The Venture Development Center (VDC) at UMass Boston welcomes SQZ Biotech (SQZ), a company founded by MIT colleagues Robert Langer, Klavs Jensen, Armon Sharei and Agustin Lopez Marquez.
SQZ contacted the VDC in July 2014 as they were ready to expand their internal R&D efforts. SQZ waited until January 2015 until space became available at the VDC.
“The VDC seems like a great launch point for SQZ,” Armon said. “We are all definitely very excited about getting into our own space and being together as a company,” added Jonathan Gilbert, a former MIT researcher and currently the VP of Business Development of SQZ.

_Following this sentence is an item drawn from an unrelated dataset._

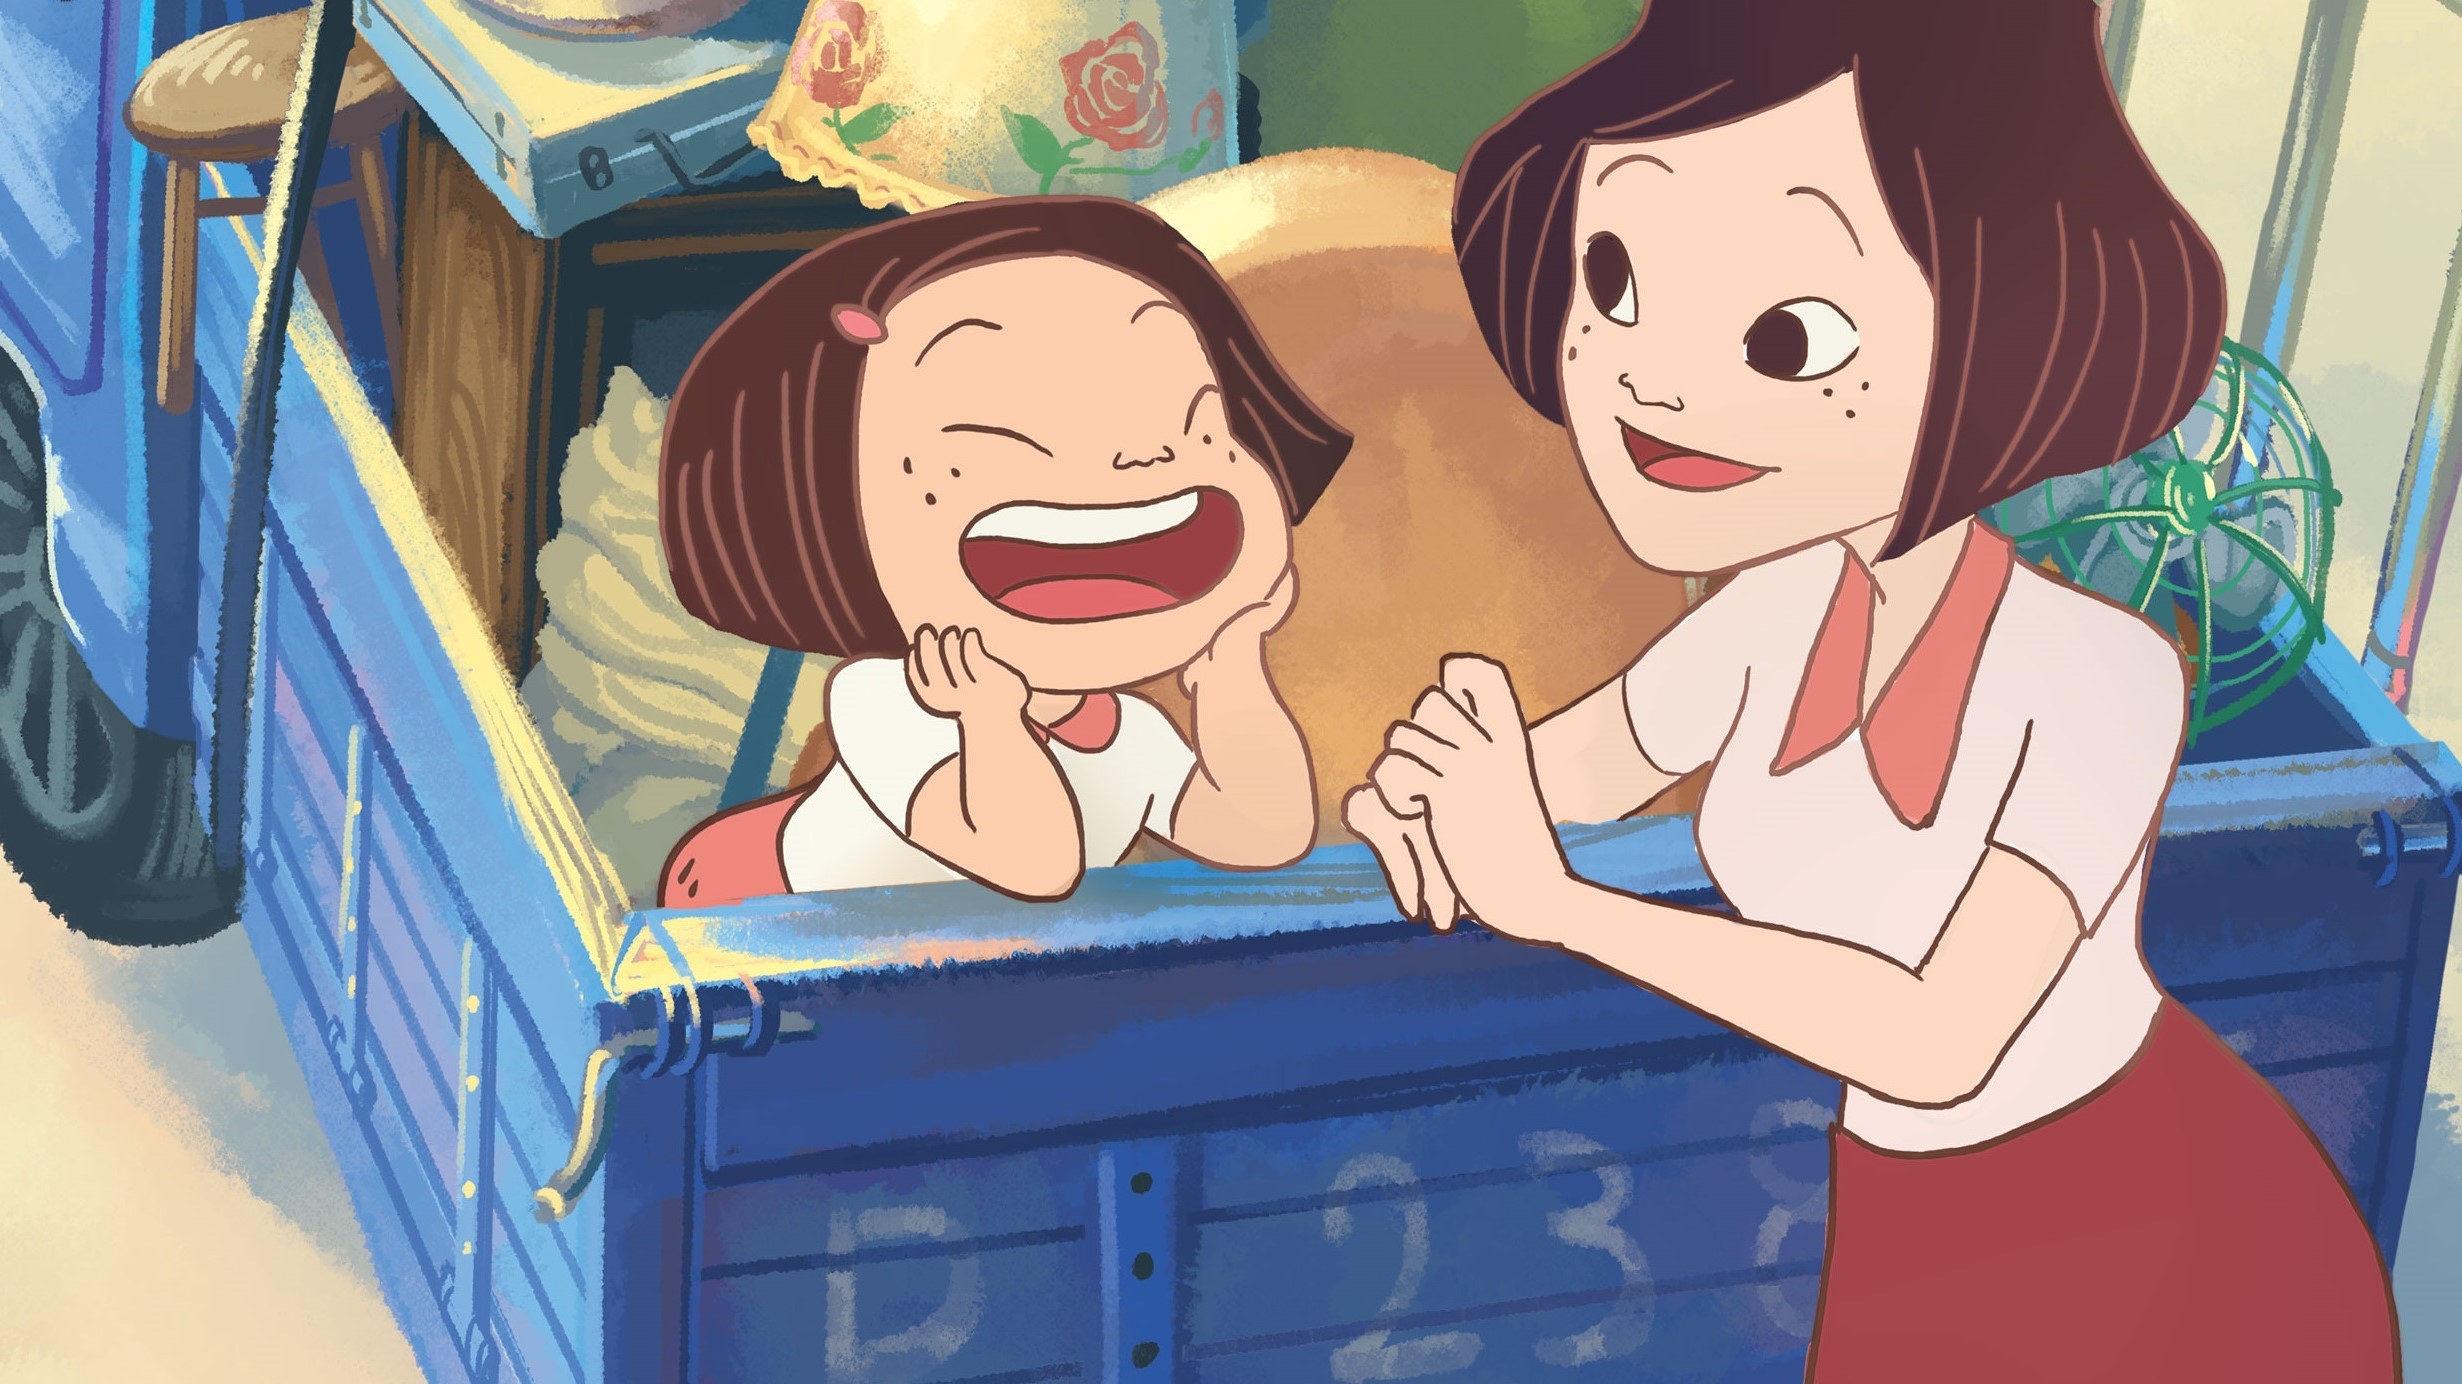 予告編で泣いた 奇跡のアニメ映画 幸福路のチー はなぜこうも大人の胸を打つのか ついに日本でも公開 ロケットニュース24

SQZ’s employees had been scattered in different locations around Boston, including at MassChallenge. The company won the grand prize from the startup accelerator’s 2014 competition.
SQZ has high hopes for its technology, which was named one of 2014’s 10 world-changing ideas by Scientific American. Several potentially transformative treatments for diseases face a common obstacle—effectively getting materials into primary cells, which are very hard to manipulate.
SQZ’s microfluidic device can get microscopic material into cells quickly and cheaply by vigorously squeezing those cells and temporarily making their membranes permeable.
It might be just what’s needed in a type of treatment that’s just starting to take off, called immunotherapy. Immunotherapy involves modifying a person’s immune cells to effectively target diseases such as cancer.
SQZ’s devices are currently being used by a number of researchers, and the company is in the early stages of testing it for use with experimental treatments.